DATA SUPPLIED below:

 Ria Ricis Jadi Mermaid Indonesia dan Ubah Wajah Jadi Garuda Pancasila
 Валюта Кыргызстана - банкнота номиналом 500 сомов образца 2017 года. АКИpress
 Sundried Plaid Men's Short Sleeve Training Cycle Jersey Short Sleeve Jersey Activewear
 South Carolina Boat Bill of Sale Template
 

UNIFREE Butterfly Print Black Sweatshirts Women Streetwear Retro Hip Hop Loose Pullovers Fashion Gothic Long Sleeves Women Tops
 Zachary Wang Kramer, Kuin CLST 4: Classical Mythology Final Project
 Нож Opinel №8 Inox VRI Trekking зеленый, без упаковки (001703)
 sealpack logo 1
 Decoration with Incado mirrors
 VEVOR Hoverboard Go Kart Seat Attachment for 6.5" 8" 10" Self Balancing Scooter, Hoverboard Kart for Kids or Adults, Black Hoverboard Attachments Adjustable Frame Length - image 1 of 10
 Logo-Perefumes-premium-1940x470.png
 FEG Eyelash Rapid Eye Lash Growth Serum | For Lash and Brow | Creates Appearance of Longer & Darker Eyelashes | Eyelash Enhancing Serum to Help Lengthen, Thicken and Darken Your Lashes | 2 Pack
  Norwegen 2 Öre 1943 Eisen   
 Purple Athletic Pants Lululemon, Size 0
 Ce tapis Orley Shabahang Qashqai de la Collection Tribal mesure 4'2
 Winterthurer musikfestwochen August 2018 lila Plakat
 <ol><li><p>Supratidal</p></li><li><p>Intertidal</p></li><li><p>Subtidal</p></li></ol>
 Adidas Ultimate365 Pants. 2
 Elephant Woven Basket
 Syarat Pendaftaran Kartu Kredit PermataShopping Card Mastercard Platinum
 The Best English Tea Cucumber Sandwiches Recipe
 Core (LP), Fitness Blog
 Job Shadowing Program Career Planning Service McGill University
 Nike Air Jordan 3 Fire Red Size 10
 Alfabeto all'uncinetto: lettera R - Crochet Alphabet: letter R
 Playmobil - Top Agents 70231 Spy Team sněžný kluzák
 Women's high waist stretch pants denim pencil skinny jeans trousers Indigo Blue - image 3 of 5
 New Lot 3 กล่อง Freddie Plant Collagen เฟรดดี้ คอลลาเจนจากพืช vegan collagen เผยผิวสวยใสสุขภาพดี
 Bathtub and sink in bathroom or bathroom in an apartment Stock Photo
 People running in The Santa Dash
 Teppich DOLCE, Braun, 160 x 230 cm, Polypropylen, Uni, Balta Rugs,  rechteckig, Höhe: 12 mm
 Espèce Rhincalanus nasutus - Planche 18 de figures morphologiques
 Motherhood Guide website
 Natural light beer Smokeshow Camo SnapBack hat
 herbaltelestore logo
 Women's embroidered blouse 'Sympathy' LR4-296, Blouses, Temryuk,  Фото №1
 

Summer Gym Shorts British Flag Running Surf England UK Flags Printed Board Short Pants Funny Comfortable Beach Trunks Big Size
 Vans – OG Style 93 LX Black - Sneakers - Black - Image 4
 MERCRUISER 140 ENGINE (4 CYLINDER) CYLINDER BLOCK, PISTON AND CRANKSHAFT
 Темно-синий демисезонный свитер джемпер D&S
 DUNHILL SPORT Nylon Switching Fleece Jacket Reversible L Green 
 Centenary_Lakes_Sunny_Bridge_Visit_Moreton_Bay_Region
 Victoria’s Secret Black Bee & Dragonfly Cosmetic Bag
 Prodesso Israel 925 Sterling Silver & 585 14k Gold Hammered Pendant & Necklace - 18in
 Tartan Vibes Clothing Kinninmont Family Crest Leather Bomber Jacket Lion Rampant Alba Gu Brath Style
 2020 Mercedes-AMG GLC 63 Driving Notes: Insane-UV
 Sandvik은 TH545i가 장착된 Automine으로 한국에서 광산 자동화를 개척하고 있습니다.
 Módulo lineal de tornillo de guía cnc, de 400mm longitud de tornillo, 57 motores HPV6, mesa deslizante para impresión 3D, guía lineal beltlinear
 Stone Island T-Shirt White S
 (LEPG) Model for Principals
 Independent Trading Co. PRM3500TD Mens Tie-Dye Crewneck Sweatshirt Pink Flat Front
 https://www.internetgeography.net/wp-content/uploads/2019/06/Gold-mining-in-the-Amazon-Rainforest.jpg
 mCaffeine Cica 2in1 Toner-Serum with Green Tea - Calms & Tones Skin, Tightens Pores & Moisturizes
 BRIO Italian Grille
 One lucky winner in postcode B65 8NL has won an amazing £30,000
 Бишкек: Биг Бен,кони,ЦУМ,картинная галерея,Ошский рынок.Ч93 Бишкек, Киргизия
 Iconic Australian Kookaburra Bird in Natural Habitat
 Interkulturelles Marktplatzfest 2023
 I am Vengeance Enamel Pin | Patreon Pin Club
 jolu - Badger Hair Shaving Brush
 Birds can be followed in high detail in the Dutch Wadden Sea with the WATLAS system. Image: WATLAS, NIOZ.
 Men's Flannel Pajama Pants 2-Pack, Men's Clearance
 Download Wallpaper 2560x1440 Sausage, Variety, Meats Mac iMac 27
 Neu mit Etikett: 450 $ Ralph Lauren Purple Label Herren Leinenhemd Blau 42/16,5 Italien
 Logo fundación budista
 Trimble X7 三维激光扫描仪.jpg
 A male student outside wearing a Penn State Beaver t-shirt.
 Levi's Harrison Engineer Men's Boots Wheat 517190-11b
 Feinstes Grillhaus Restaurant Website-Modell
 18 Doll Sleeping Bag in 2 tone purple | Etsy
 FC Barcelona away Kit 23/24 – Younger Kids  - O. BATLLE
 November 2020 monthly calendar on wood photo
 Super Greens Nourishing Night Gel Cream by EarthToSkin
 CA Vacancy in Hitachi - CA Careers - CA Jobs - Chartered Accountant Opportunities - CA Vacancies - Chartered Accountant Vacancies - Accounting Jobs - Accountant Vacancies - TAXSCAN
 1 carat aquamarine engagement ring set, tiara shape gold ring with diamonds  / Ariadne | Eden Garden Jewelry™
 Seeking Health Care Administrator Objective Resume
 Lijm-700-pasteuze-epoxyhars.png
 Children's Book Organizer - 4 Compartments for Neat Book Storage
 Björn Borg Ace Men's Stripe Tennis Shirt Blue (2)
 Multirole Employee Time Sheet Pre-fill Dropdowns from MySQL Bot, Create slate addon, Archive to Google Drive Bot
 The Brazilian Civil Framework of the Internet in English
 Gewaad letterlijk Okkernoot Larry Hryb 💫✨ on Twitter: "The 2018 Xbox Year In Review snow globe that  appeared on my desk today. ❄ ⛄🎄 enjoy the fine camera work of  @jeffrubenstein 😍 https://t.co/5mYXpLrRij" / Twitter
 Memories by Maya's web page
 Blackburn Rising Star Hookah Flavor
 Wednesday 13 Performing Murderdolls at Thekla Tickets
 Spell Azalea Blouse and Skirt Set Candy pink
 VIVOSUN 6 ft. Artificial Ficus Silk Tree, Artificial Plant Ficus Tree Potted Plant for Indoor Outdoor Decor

End of DATA SUPPLIED.

Copy every line from the records above that contains the word "Serum".

 FEG Eyelash Rapid Eye Lash Growth Serum | For Lash and Brow | Creates Appearance of Longer & Darker Eyelashes | Eyelash Enhancing Serum to Help Lengthen, Thicken and Darken Your Lashes | 2 Pack
 mCaffeine Cica 2in1 Toner-Serum with Green Tea - Calms & Tones Skin, Tightens Pores & Moisturizes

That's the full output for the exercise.